I broke my rule on the “pray without ceasing” one because I decided to learn to draw a wreath – something I’ve never tried before.  So of course I got out a scratch paper and fiddled with it and made mistakes and then got interrupted and all of a sudden I was 4 days behind!  I came back to the challenge, took a deep breath and just did my best.  So many mistakes, but I like it.


I mentioned life has been overly full lately.  I am grateful for all we have going on but I do sometimes wonder and fear when I look too far down the road – so much needs doing!  I loved being reminded that my part is to not be weary from all of it, but to joyfully do my best and trust that it will all work out.


Bible lettering has reminded me that much of the overload is a result of that more abundant life that Jesus promised.  I marvel at the blessings being poured out on us and while I sometimes shake at the responsibility they bring, my heart runs towards them, thrilled to be living a life with the meaning and direction Jesus Christ offers.


I am currently behind again on this project, but hope to catch up.  I’m posting them on my personal Instagram account, @jenniferSharrison, if you want to follow along.  Better yet, grab a pencil or pen and join in yourself!  I might do a second round of bible lettering, using my personal favorites.  This could become a really fun habit!

A beginning

Nothing feels more like a beginning than a clean stack of paper and a freshly sharpened pencil.

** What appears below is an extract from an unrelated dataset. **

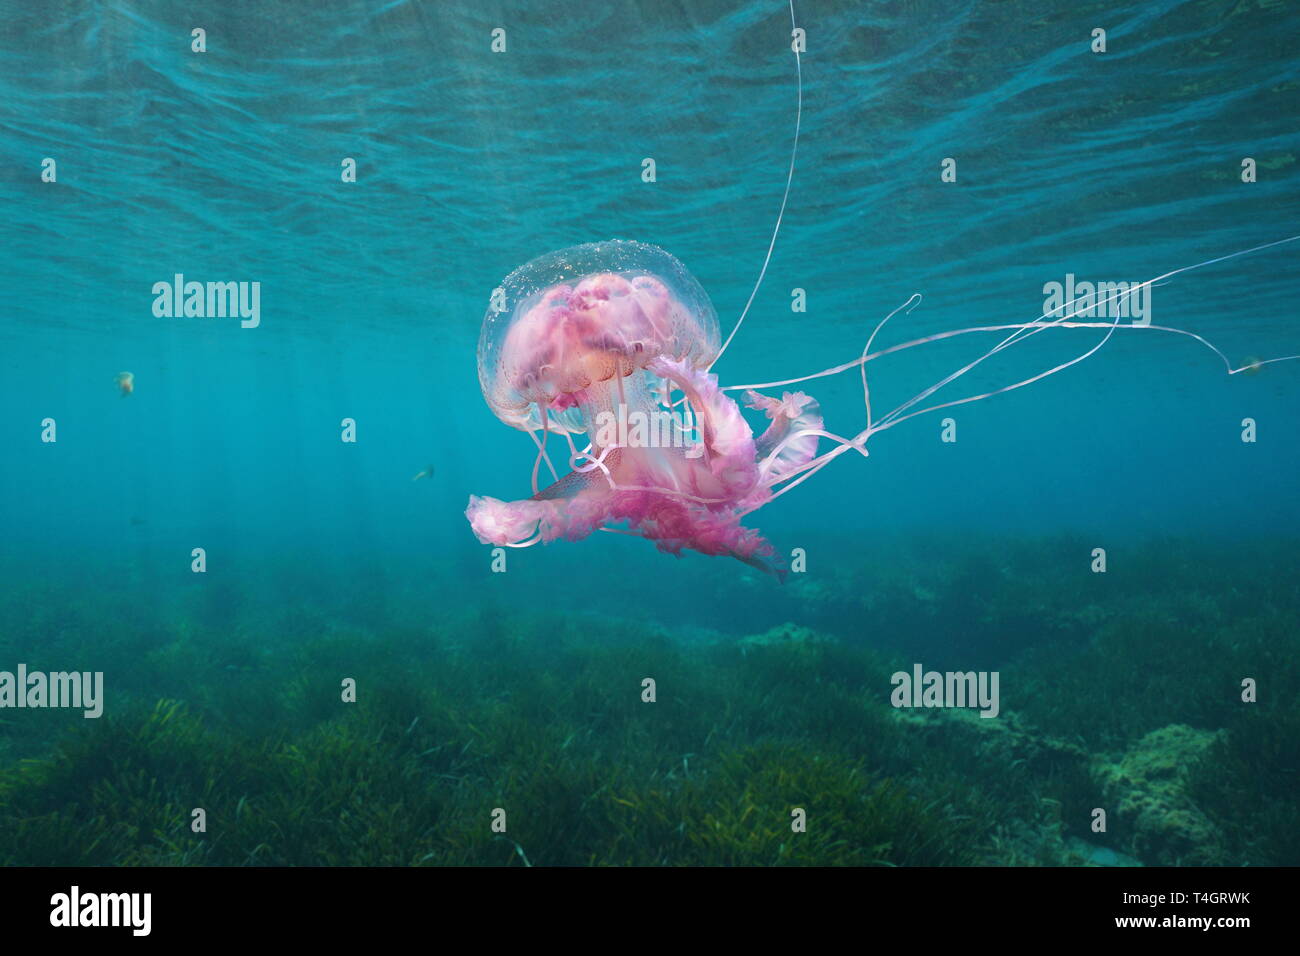 Belles méduses sous l'eau à la mer Méditerranée, Mauves Pelagia noctiluca stinger, Espagne Banque D'Images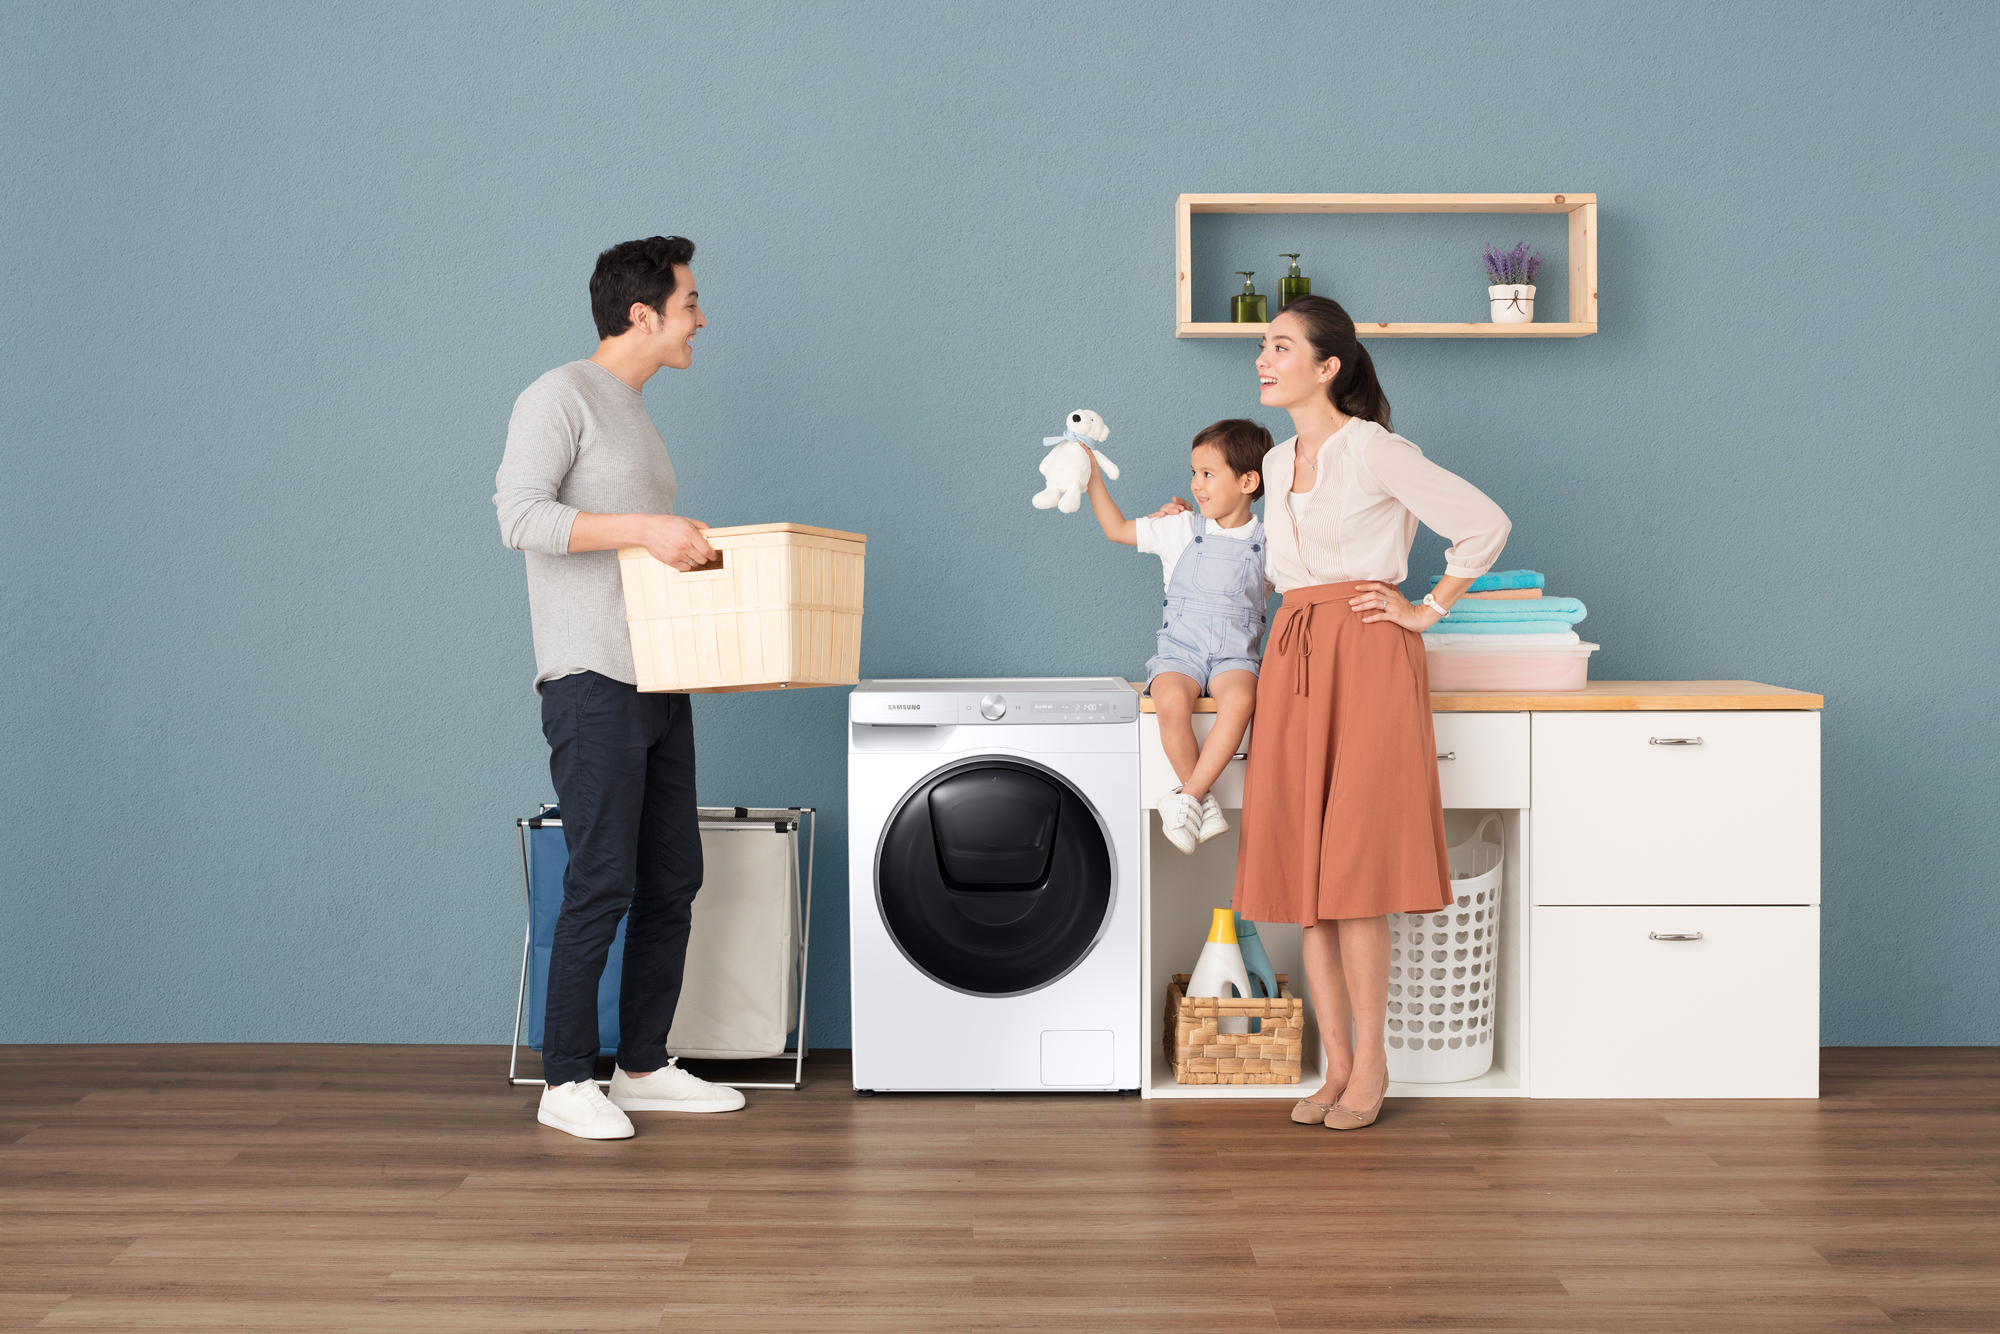 Máy giặt có trí tuệ đã gạt bỏ mọi mối bận tâm bao lâu nay của các gia đình như thế nào - Ảnh 1.

I love the fresh start afforded by the beginning of a new school year.  It brings a craziness (and needs a budget) all its own, makes everyone tired, and lengthens all the to-do lists considerably – but it’s so good to start again!  August felt like a big month for our family:  we sent our oldest daughter off to college, another daughter turned 13, we celebrated our wedding anniversary, our youngest turned 8, we got our first taste of watching our daughter play college soccer, our high school athletes survived tryouts and made their teams, school started, homework has begun, and sports schedules now reign.  Life is good.

My #1 focus right now is routines – creating systems that will support our family throughout the school year, and meet needs without thinking about it once they’re habits.  Every year this process is a little bit different as our children grow, change, and move from one school to another.  I am doing the same with my personal time – developing more efficient systems to assist me in reaching my goals and supporting my family.  It’s exciting and challenging, a time for questions and careful listening, and LOTS of revising.


Much as I love that clean stack of paper, a real beginning requires putting the pencil to work, knowing mistakes will come and bring true learning with them.  I’ve never had a good relationship with mistakes; I’ve used them to sling criticism at myself and let them drag me down.  I’m trying to change that, to quit fearing failure and welcome opportunity no matter the learning curve, and to make peace with the past.   I have a great deal to learn, and I’m excited to be working.